I was looking forward to writing this for a long time, and it’s a necessary one, too – we will talk about algorithms and functions. Do you remember, back in school, when nobody could explain to you why on earth you needed to know about that stuff? Or why on earth you needed to sit through maths class at all? If you’re in the tech field in 2021, understanding neural networks may be expected from you, and understanding algorithms is one step in the right direction.
Machine Learning – Nothing Else Than Pure Mathematics
How can you teach a machine a task? You have two options. Either you hardcode something, or you enable the machine to learn for itself.
If your problem is not too complex, writing a simple script may suffice. Let’s take an example we can all relate to: We get up early, it’s still dark outside, and we have to leave the house (something we all long for during lockdown times, right?). We have a set of five shirts and five pairs of jeans which we usually all mix and match. However, we noticed that we cling to the same combinations, and we want to change that. That’s where our script comes in!
We create a list of our shirts and another list of our pairs of jeans, then have the script choose a random number twice and voila, we mixed and matched without any human interaction!
import random shirts = ["the red shirt","the t-shirt","the band shirt","the shirt with the cats","the nice shirt"] jeans = ["the dark blue", "the light blue", "the black", "the red", "the white"] a = random.randint(0,4) b = random.randint(0,4) print("You will wear "+shirts[a]+" and "+jeans[b]+" pair of jeans today. Have fun!")
As the number of shirts and pairs of jeans is limited and we always want to do the same task, there’s no need to overengineer this. Just use this simple script and you’re good! Now, guess what – this is not machine learning. Machine learning uses a different mechanism to get you a result.
The Learning Effect
The system works so well that you buy 30 more shirts and 45 more pairs of jeans (just for the funsies!), and you also add your 20 pairs of socks to the script. You leave the house a few weeks, happy that you don’t have to think about anything in the morning.
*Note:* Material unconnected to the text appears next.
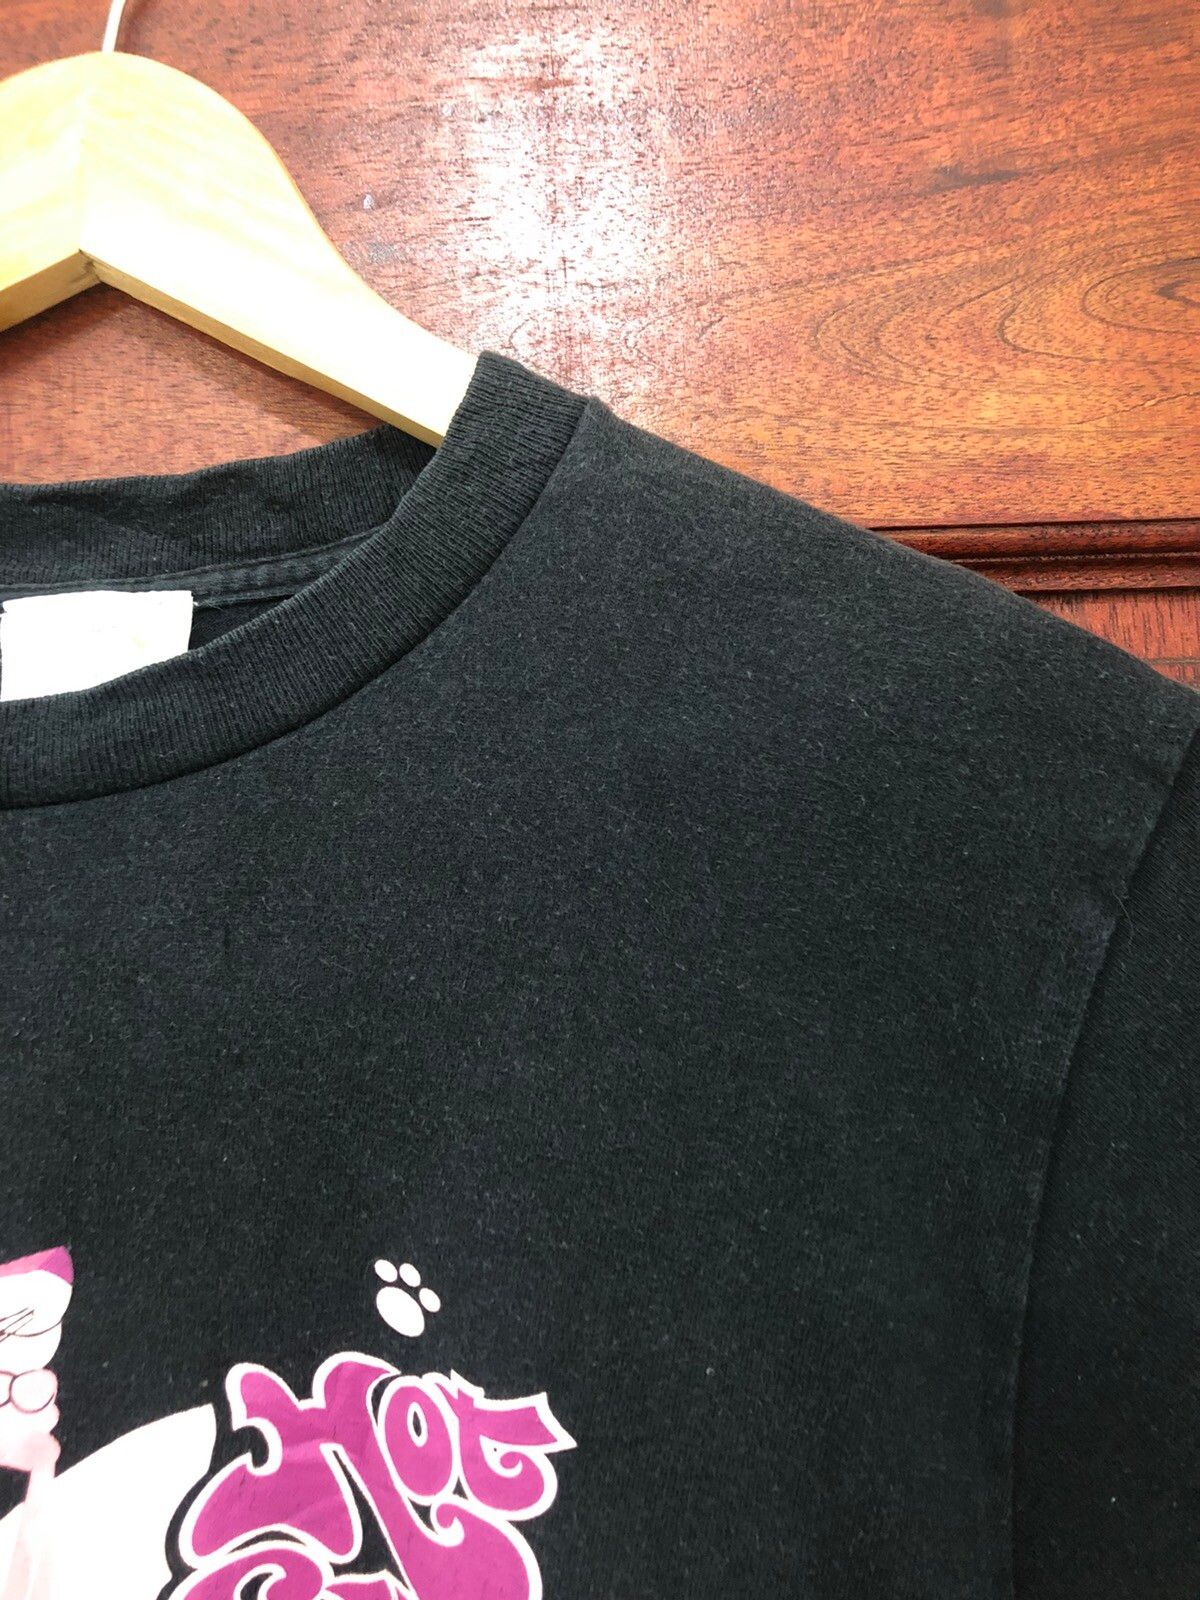 Japanese Brand Vintage Pink Panther Hot Sweet Japan Made TShirt Size US S / EU 44-46 / 1 - 5 Thumbnail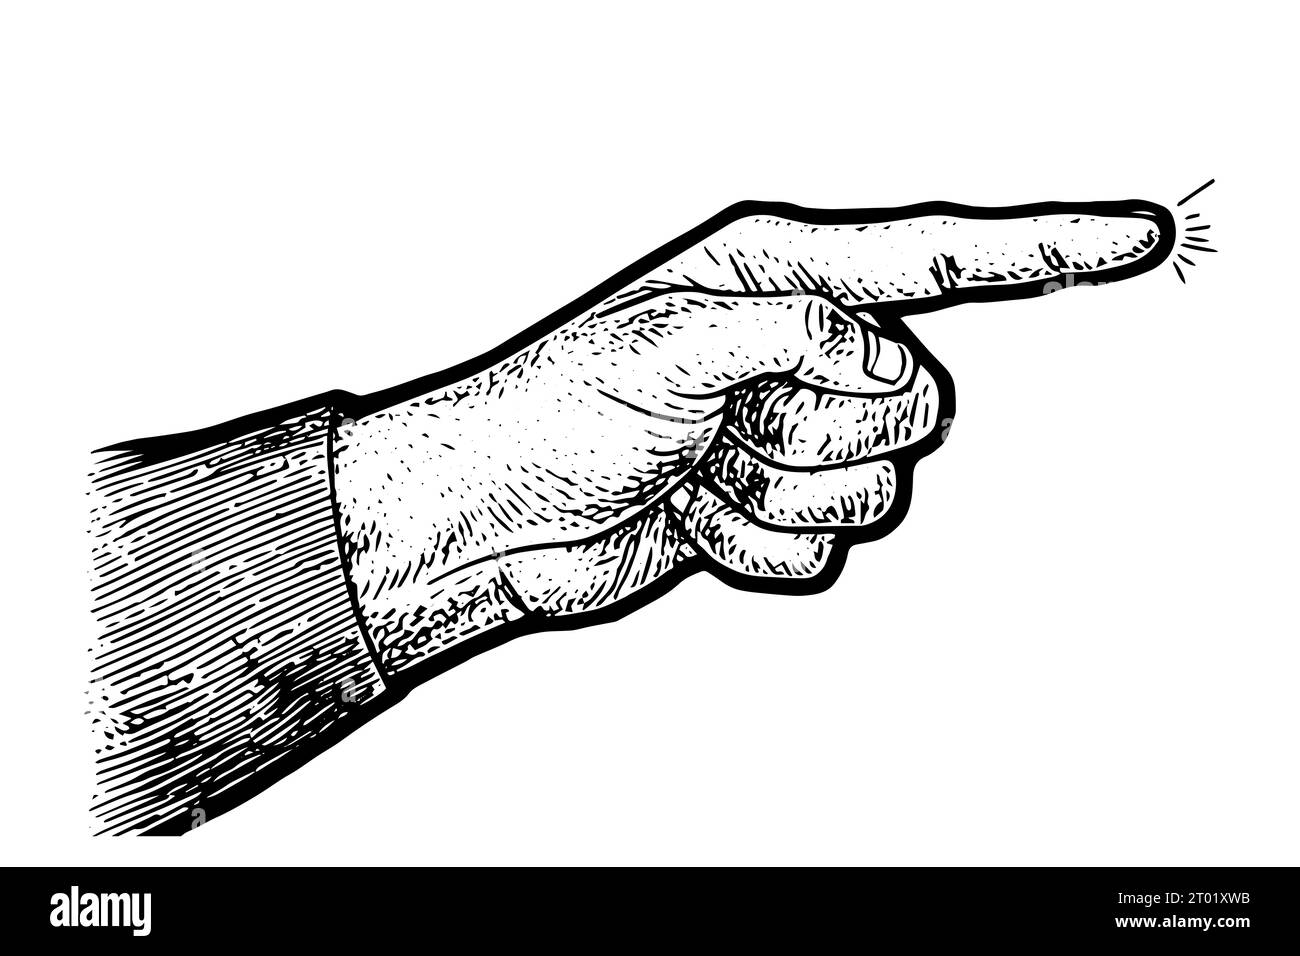 Pointing finger. Vector black vintage engraved illustration. Hand drawn ink sketch. Stock Vector

But – then it happens: Depending on what you’re wearing, the people you meet on your commute seem to be nicer or less nice! With certain combinations, you even received a free coffee twice! You cannot figure out which combinations you should avoid and which you should maybe wear more often (Who doesn’t want free coffee?). With your 50 pairs of jeans, your 35 shirts and your 20 socks, you have so many possible combinations to go through that it would take you ages to guess the good combinations. Maybe you would start your retirement before you had another free coffee again! And this is where machine learning comes into play: For the next months, you collect the daily data of what you wear and how the reactions are. Depending on how thorough the data should be, you can also collect some metadata like how long you’ve slept, how the weather is, and which bus or train you caught. After a certain amount of time, you feed this data into an algorithm.
An algorithm is nothing else than a mathematical function. You start with a basic one, that doesn’t know your preferences at all. If you applied this function to your data and asked it to give you the good combinations, its first step would be the same as a human’s first step: guessing.
The algorithm uses your data to check how far its guess is away from the reality. Depending on the outcome, it will slightly apply changes to its parameters and then guess again. Did it perform better? Or worse? Depending on this outcome, the algorithm will adapt its parameters again, and then check again with the data. This process will be repeated many, many times. If you collected metadata like the weather and your wake-up time, this may also be used by the machine to come closer to the real results. It does so by guessing first, then applying the parameters, and then using these very parameters on every other data that was collected. The theory behind this is: If the parameters are correct, they will guess correctly in as many cases as possible. This phase is called the training phase.
Once the algorithm decides that it cannot possibly become any more accurate, it changes into the testing phase. In order to be “accurate”, one would expect (very simply spoken) that the algorithm performs better than a blind ape that randomly picks shirts and jeans for you. If that is not the case, the training failed completely and may be re-done with modified, or completely different, data. If it has been successful, the algorithm will test its own abilities on some data that was previously separated from the training data. If it performs well on this, too, you can apply it to the real world: Tomorrow, you’ll let that algorithm pick your outfit! This is the application of the new machine learning model.
For the next weeks, you collect data again, based on the choices the algorithm gave to you. Then you can feed this data, along with the answer to the question Did you achieve the desired result (free coffee)? to your algorithm, and it can re-train itself and maybe get a bit more accurate again.
If It’s Not Getting Better
But what if you notice that no matter whether you let the algorithm pick your outfit or you pick it yourself does not change the number of free coffees? Well, sometimes there is a correlation, but not causality, for some data. It may correlate that you wore a specific outfit on the days where you received free coffee, but it may not be the cause of it. In this case, you should go back to the beginning and make a new guess about the real cause. You think about this a lot, and you’re getting constantly less sleep due to this – and the number of coffees increases again. So for this specific case, you now know – people just felt pity for you because you looked so tired. They didn’t pay attention to your outfit at all.